You can use this deception in any number of tricks as you will see. At the very least, you can now put both halves of the pack together, have a member of the audience shuffle and then deal out the cards, stopping miraculously when you get to the King of Clubs.

5. Another method of 'forcing' a card is again to note the bottom card of the pack after it has been well shuffled by the audience. Hold it in your left hand. With your forefinger pull the bottom card back about half an inch from the front edge of the pack. Start dealing quickly from the bottom of the pack, putting the cards face up on the table. Tell your audience that when they shout 'Stop' that card will be their choice and their secret. When they do shout 'Stop; bring out the very bottom card which you have been holding back.
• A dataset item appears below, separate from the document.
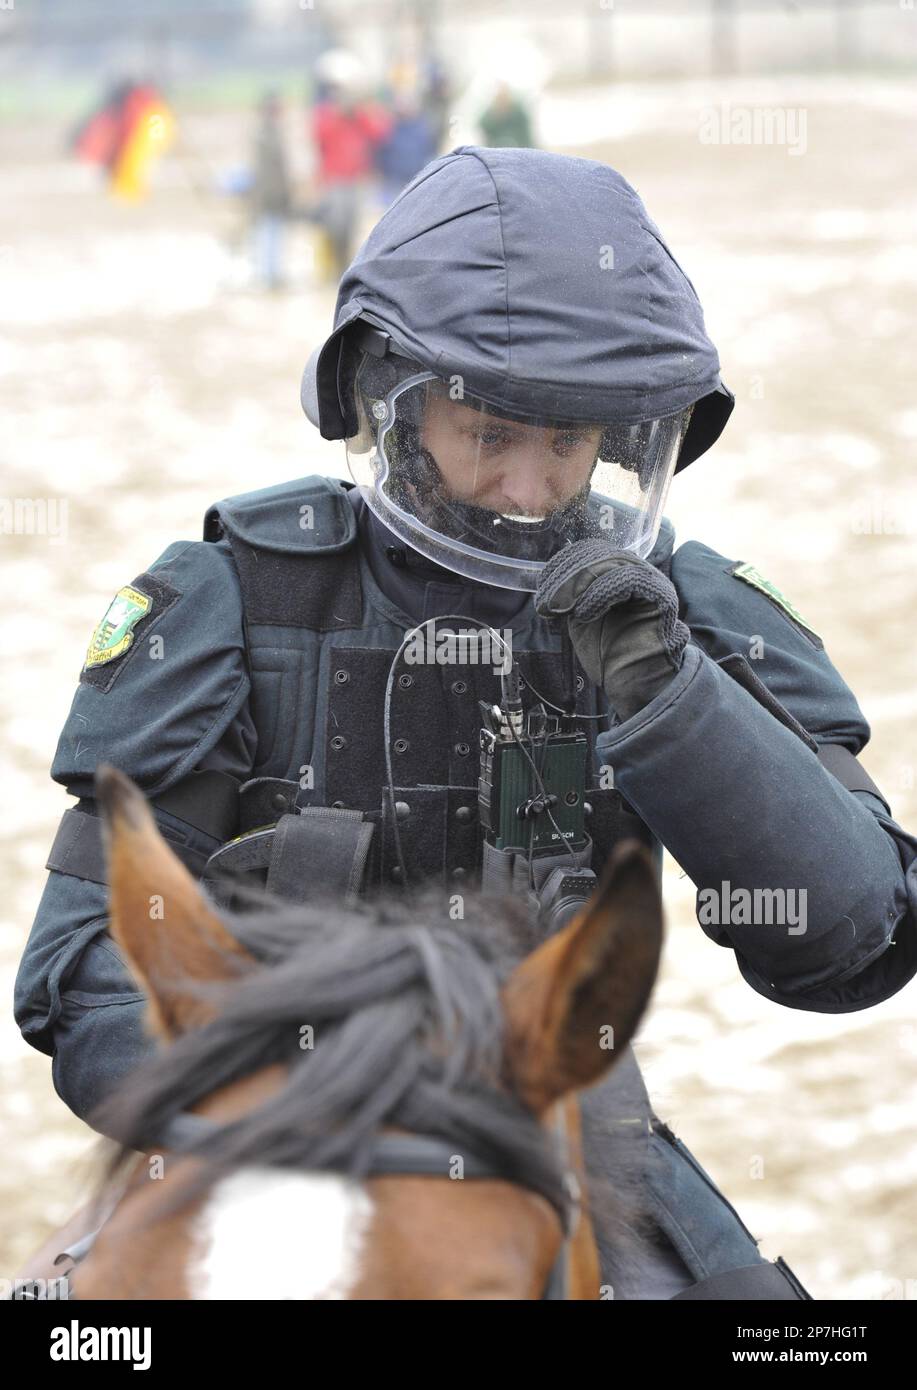 Polizisten der Reiterstaffel der saechsischen Polizei proben am Montag, 12.  April 2010, in Grosserkmannsdorf, Sachsen, auf einem Uebungsgelaende. Die  saechsische Polizeireiterstaffel besteht aus 26 Beamten und 14  Dienstpferden. Im Jahr 2009 hatten

Keep it face down, put the pack on the table, ask them to look at it without showing you and then, as you turn your back, tell them to replace it anywhere in the pack and shuffle. You, of course, know the chosen card and can go on to do several other tricks.

As a simple trick on its own this one has a stunning effect if, when the audience shout 'Stop, you slam the next card face down on the table and shout out what it is. When they turn it over and see you are right they will be most impressed.

Now that you have read this far, you have the knowledge to go on to what appear to be very complicated tricks. Also, use what you have learned to embellish other card tricks you know, or even develop some of your own.

Remember as you go along to keep practicing your dexterity, your chatter and your fake shuffles, in particular, how to move a card from the top of the pack to the bottom while appearing to shuffle.